In today's world, data has become one of the most important asset for businesses, organisations, governments and even individuals. It has become a norm to hear the coin phrase, "data-driven decision-making". The world is generating data at unprecedented levels, according to Statista it predicts the amount of data to be created, consumed and stored in 2025 will be about 180 zettabytes an increase from 64.2 zettabytes in 2020.

Exploratory Data Analysis is an approach to understanding your data in depth. It is a critical first step in any data analysis project; as it provides a foundation for further analysis and can help identify potential problems or biases in the data, detect outliers or anomalous events or even find interesting relations among the variables.

EDA is an iterative process than a one-step process that involves visualizing and summarizing the data in different ways to uncover hidden insights before making any assumptions.

Python, a programming language is a go-to tool for data analysis and EDA.

In this case, we will go through an EDA process for a data project I worked on. You can have a look at the project on my Github.

Types of EDA

There are four primary types of EDA:

  • Univariate non-graphical: This is the simplest form of data analysis where data being analysed is just a single variable. The main purpose here is to describe data and find patterns that exist within it as this doesn't deal with causes or relationships.
  • Univariate graphical: Graphical methods provide a fuller picture of the data. Common types include: histograms, box plots and stem-and-leaf plots.
  • Multivariate non-graphical: This combines multiple variables trying to show the relationship between two or more variables of the data through cross-tabulation or statistics.
  • Multivariate graphical: This is the graphical version of the multivariate non-graphical. Most used graphs include bar plot/chart, scatter plot, multivariate chart, run chart, bubble chart and heat map.

Steps Involved in EDA

1) Data Gathering - This is the process of finding, collecting and loading data into the analytical system.
2) Data Cleaning - To get quality findings the data used must be of high quality. To achieve this, the data if necessarily needs to be removed of unwanted variables and irregularities, re-indexing and reformatting, feature engineering, etc.
3) Univariate Analysis - This involves analysis data of variable. A single variable refers to a single feature/column.
4) Bivariate Analysis - This involves analysing two or more variables. For example, how one feature affects the other.

Loan Analysis with EDA

You can access the dataset used here from Kaggle, Prosper Loan Dataset. This data set contains 113,937 loans with 81 variables on each loan, including loan amount, borrower rate (or interest rate), current loan status, borrower income, and many others. See this data dictionary to understand the dataset's variables.

The main task here is to have a look at the basic structure of the loans given. This means having a look at the amounts given, interests and fees, time and the state of the borrowers, etc. This will mean having a look at features like: CreditGrade, Term, LoanStatus, BorrowerState, EmploymentStatus, LP_InterestandFees, LoanOriginalAmount, LoanOriginationDate, amongst others.

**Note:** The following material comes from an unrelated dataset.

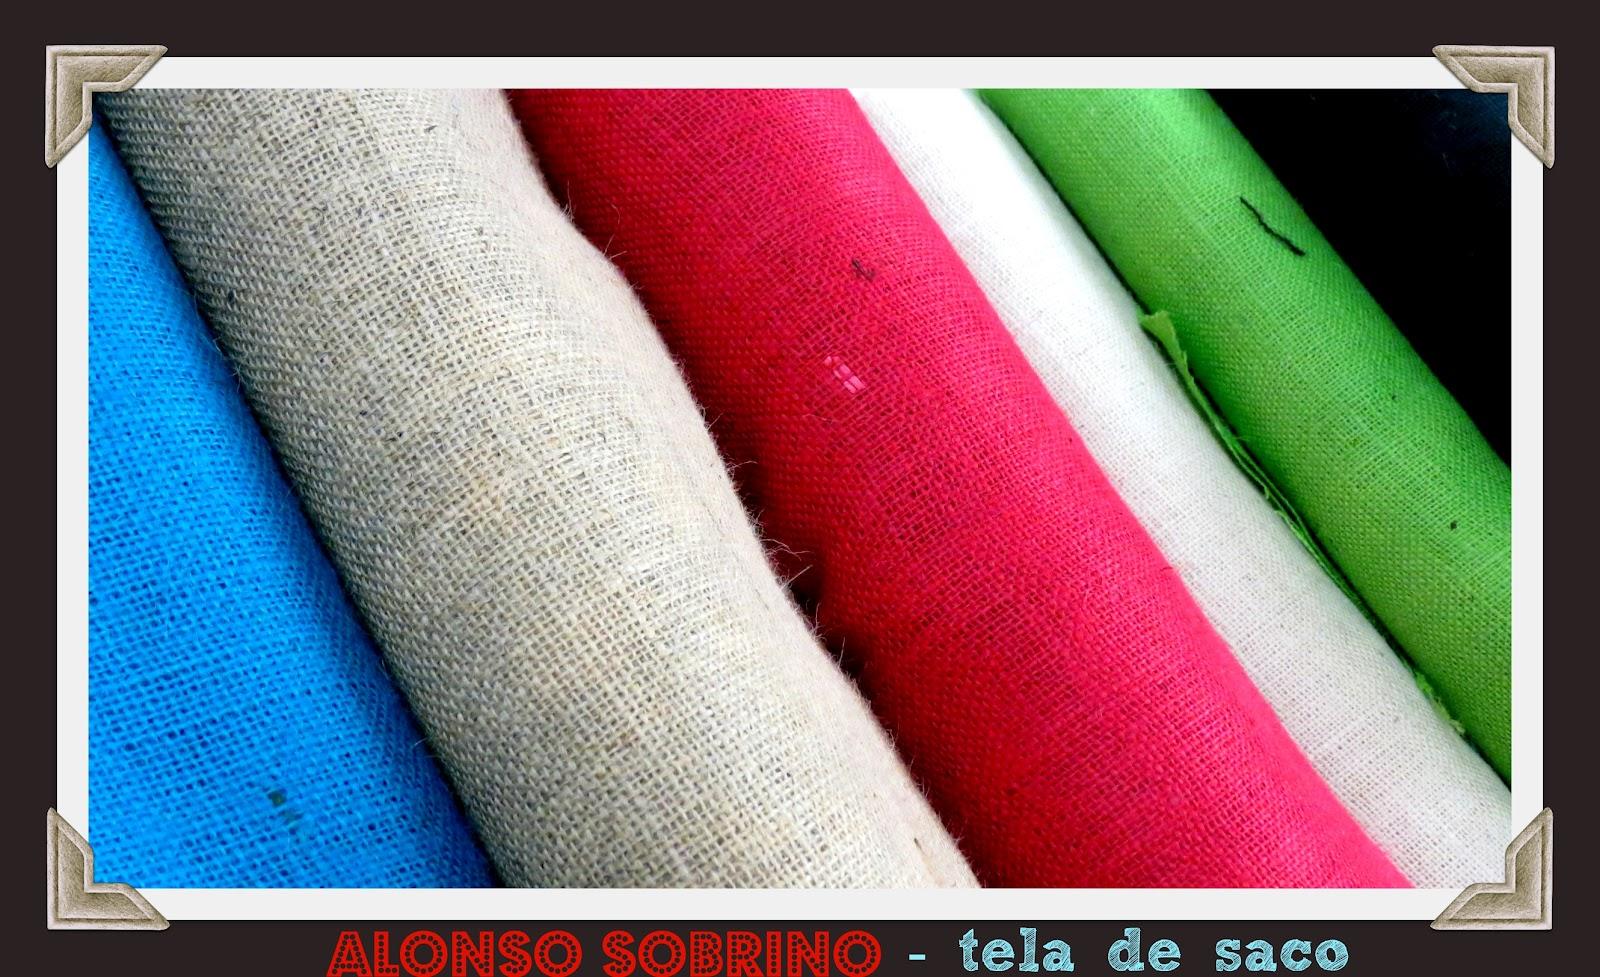 Alonso sobrino blog tela de saco - Manualidades con tela de saco ...

Please access the variable definitions of the dataset here.

1. Data Loading

Load the dataset into jupyter notebooks using Python libraries. First we import the necessary libraries needed for this project and then load the dataset.

# Import needed Python Libraries
import pandas as pd
import numpy as np
import seaborn as sns
import matplotlib.pyplot as plt

%matplotlib inline

#import warnings
import warnings
warnings.filterwarnings('ignore')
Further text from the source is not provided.